According to page 6 of Ex-Im’s 2014 annual report, the bank did $27.5 billion of business in 2014. The Bureau of Economic Analysis estimates GDP in the fourth quarter of 2014 to be $17.7037 trillion (see Table 3, page 8). This means Ex-Im’s business last year was equivalent to about one sixth of one percent of GDP. This is par for the course.

Confining the comparison just to America’s $2.35 trillion of exports, everything Ex-Im did all of last year is equivalent to less than 1.2 percent of exports. Seeing as many Ex-Im-financed projects would still happen without the bank’s involvement including GE, by Immelt’s own admission—its true net impact is almost certainly much smaller than that.

If anything, by redirecting billions of dollars of capital towards the politically connected and away from deserving entrepreneurs, Ex-Im is preventing the economy from reaching its true potential.

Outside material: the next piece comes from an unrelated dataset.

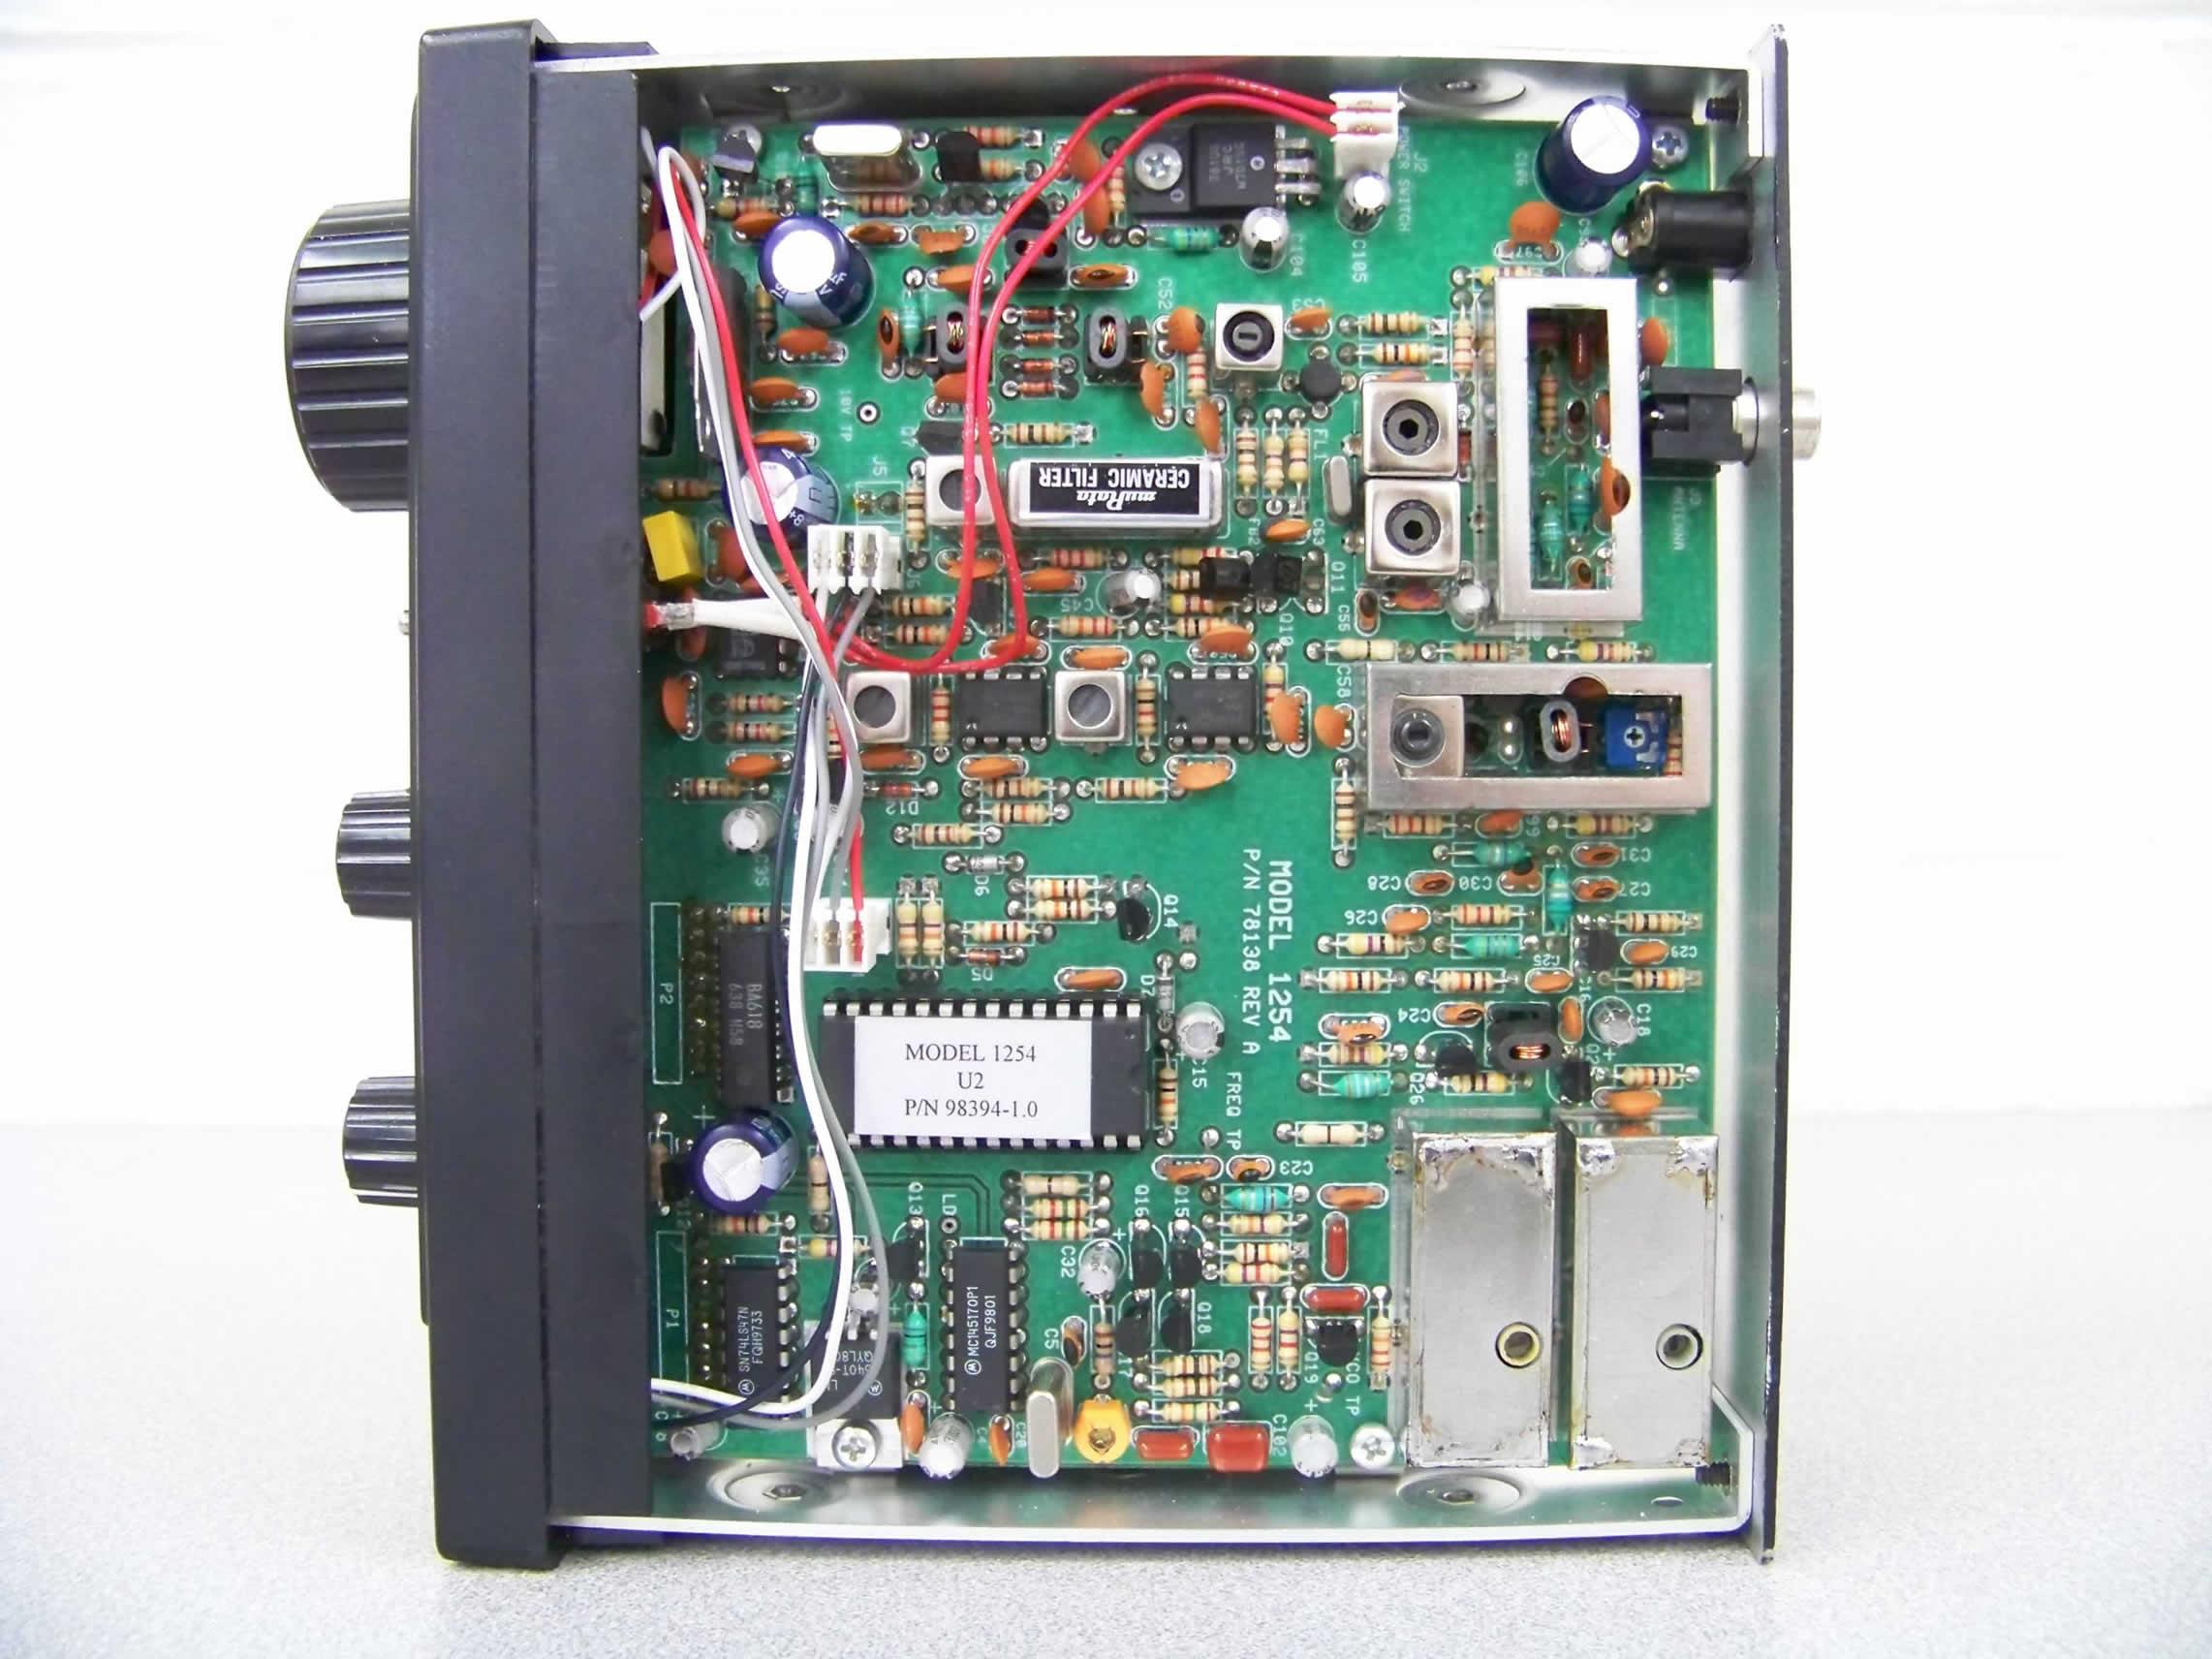 CmVnZW5lcmF0aXZlIHJhZGlvIHJlY2VpdmVyIGtpdHM further Inventables The Hardware Store For Designers 5m In Funding 10m So Far further Shortwave Regenerative Receiver Schematic furthermore Ham Radio Go Kit Em M in addition Tec1056. on ten tec shortwave radio receiver kits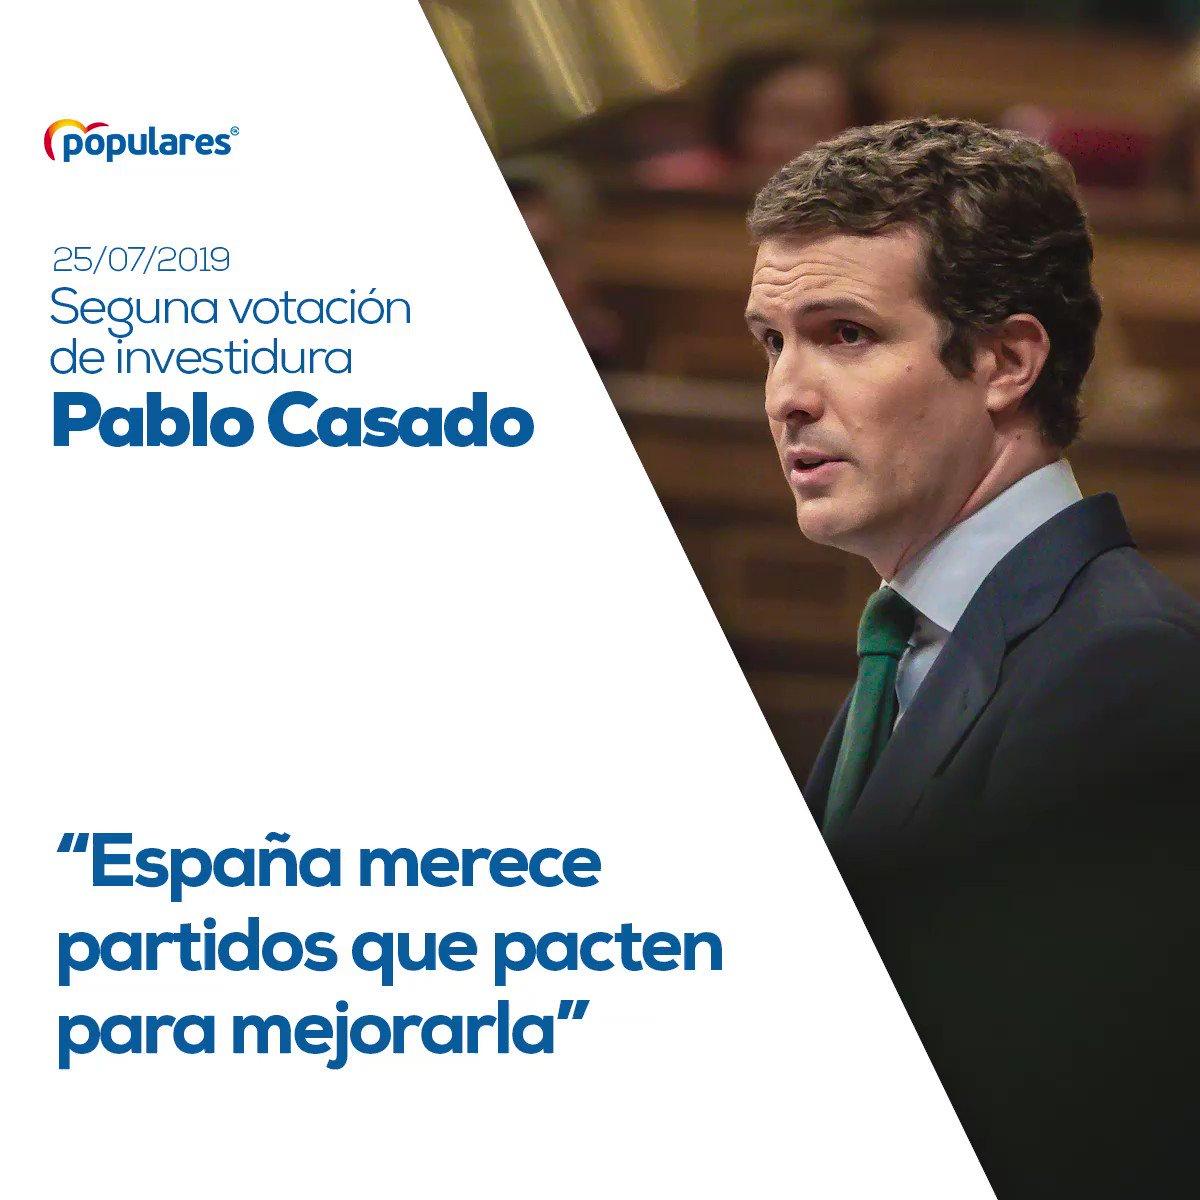 🇪🇸 España merece partidos que pacten para mejorarla, no para destruirla. España necesita un presidente, no un mercader. #SánchezFracasa

Reasons to Oppose the Ex-Im Bank, Part 3: It Favors Big Business

The Export-Import Bank’s charter expires on June 30. This series of posts makes the case for closing Ex-Im, one argument at a time. See also parts 1 and 2.

Ex-Im officials claim the vast majority of its lending activities go to smaller businesses. This is true by number of loans—in 2013, 2,160 out of 2,775 businesses receiving Ex-Im financing were small businesses, or just more than 78 percent. But Ex-Im’s claim is false by the more important metric of dollar value of loans. In most years, more than 80 percent of Ex-Im financing, measured in dollars, goes to big firms. Also worth noting: Ex-Im’s in-house definition of “small business” covers firms with up to 1,500 employees.

Ex-Im’s charter states “the Bank shall make available, from the aggregate loan, guarantee, and insurance authority available to it, an amount to finance exports directly by small business concerns … which shall be not less than 20 percent of such authority for each fiscal year.”

Small business’ actual share of Ex-Im financing has failed to meet that 20 percent threshold in 2011 (18.45 percent), 2012 (17.11 percent), and 2013 (18.96 percent). 2014 was the first year Ex-Im met that threshold since at least 2010.

Small business advocates who favor keeping or expanding Ex-Im should note that Ex-Im gives financing to approximately one in 10,000 small businesses. Considering approximately 20 other agencies give subsidies to small business, Ex-Im’s closure would have very little effect on the amount of subsidies small businesses receive. Most of its closure’s impact would be felt by its top ten beneficiaries, all of which are large companies by anyone’s definition of the term.